By Daniel Dunaief
Some day, a doctor may save your life, repairing a calcified heart valve that jeopardizes your health. But then, the doctor may owe his or her latest lifesaving procedure to the work of people like Danny Bluestein, a professor in biomedical engineering and the director of the Biofluids Laboratory at Stony Brook University, and an international team of colleagues.
The group is working on restoring blood flow from the heart to the body using approaches for patients for whom open heart surgery is not an option.
Recently, the National Institutes of Health awarded the research crew a five-year $3.8 million grant to work on a broad project to understand ways to improve transcatheter aortic valve replacements, or TAVR, while reducing or minimizing complications from the procedure.
The grant is “not just about developing a new device, which we’ve been developing already for several years, but it’s also developing it in such a way that it answers challenges with disease and what clinical problems current technology offers solutions for,” Bluestein said.
TAVR provides a prosthetic valve for high-risk surgery patients. Like stents, TAVR is inserted through an artery, typically near the groin, and is delivered to the heart, where it improves the efficiency of an organ compromised by calcification on a valve and on the aorta itself.
Patients who have been candidates for TAVR are usually over 70 and often struggle to walk, as their hearts are enlarged and lose flexibility.
TAVR surgeries are performed in as many as 40 percent of such operations in some parts of Europe and the United States. The numbers have been increasing in the last couple of years as the technology has improved in different iterations of TAVR.
These valves are not only helping high-risk patients, but they are also assisting moderate and lower risk candidates.
Doctors have used TAVR for off-label uses, such as for people who have congenital difficulties with their valves, and for people who have already had open heart surgeries whose replacement valves are failing and who may be at risk for a second major heart operation.
Recovery from TAVR is far easier and less complicated than it is for cardiac surgery, typically requiring fewer days in the hospital.
Indeed, numerous researchers and cardiologists anticipate that this percentage could climb in the next several years, particularly if the risks continue to decline.
The team involved in this research effort is working with a polymer, hoping to reduce complications with TAVR and develop a way to tailor the valve for specific patients.
“If you’re a polymer person like me, you know we can make this work,” said Marvin Slepian, the director of the Arizona Center for Accelerated BioMedical Innovation at the University of Arizona. Slepian is pleased to continue a long collaboration with Bluestein, whose expertise in fluids creates a “unique approach to making something happen.”
The tandem is working with Rami Haj-Ali, the Nathan Cummings Chair in Mechanics in the Faculty of Engineering at Tel-Aviv University in Ramat Aviv, Israel. “To enable this technology, we need to better understand the current” conditions, said Haj-Ali, who uses computer methods to study the calcium deposited on the valve to understand the stages of the disease.
The valve Bluestein is proposing includes “new designs, new simulations, and new materials” that can create “less reactions with patients and overcome” problems TAVR patients sometimes face, Haj-Ali explained.

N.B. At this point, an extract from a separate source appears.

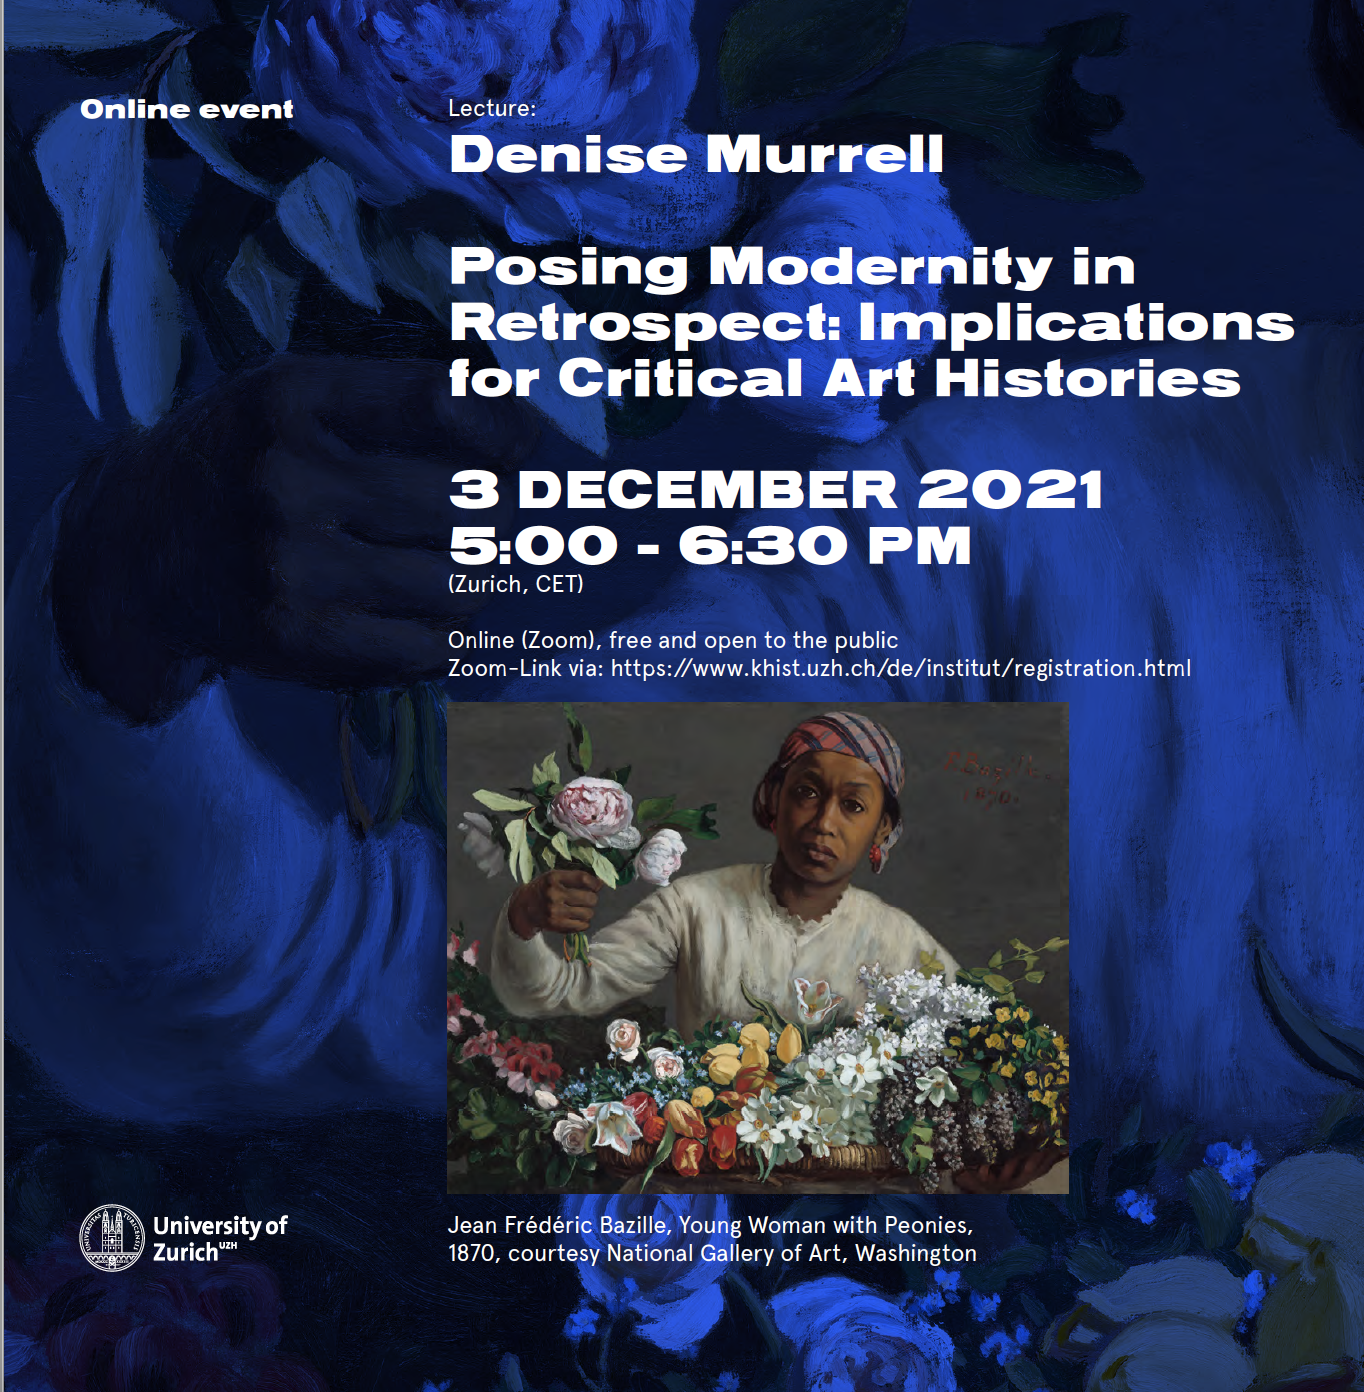 Lecture with Denise Murell

One of the significant challenges with TAVR is that it typically only lasts about five to six years.
“The idea of the NIH and this project is to extend the built-in efficiency of such a procedure,” Bluestein said. “TAVR is moving very fast to extend its functionality and durability.”
When the valve is inserted into the body, it is folded to allow it to fit through the circulatory system. This folding, however, can damage the valve, making it fail faster than in the surgical procedure.
As a part of this research, Bluestein and his team will explore ways to change the geometry of the TAVR according to the needs of the patient, which will enhance its functionality for longer. Bluestein and others will test these changing shapes through models constructed on high-performance computers, which can test the effect of blood flowing through shapes with specific physical passageways.
“Eventually, the future would involve custom designed valves, which would be optimal for the specific patient and will extend the lifespan of such a device,” Bluestein said.
A current off-label use of the TAVR valve involves assisting people born with an aortic valve that has two leaflets. Most aortic valves have a third leaflet. People with bicuspid aortic valves develop symptoms similar to those with calcification.
Going forward, Bluestein and his team plan to design valves that are specific for these patients.
A small percentage of patients with TAVR also require pacemakers. The device can interact with the electrophysiology of the heart and impair its rhythm because it creates pressure on the tissue. It is likely pushing against special nodes that generate the heart rhythm.
These studies include exploring the mechanical stress threshold that requires implantation of a pacemaker. By moving the device to a slightly different location, it may not interfere with the heart rhythm.
A resident of Melville and Manhattan, Bluestein is married to Rita Goldstein, who is a professor of psychiatry and neuroscience at the Icahn School of Medicine at Mount Sinai.
Bluestein was raised in Israel, where he did his doctoral work. He became intrigued by the study of the flow of blood around and through the heart because he was interested in blood as a living tissue.
As for the ongoing work, Haj-Ali is optimistic about the group’s prospects. The scientists that are a part of this effort “bring something to the table that, in combination, doesn’t exist” elsewhere, he said.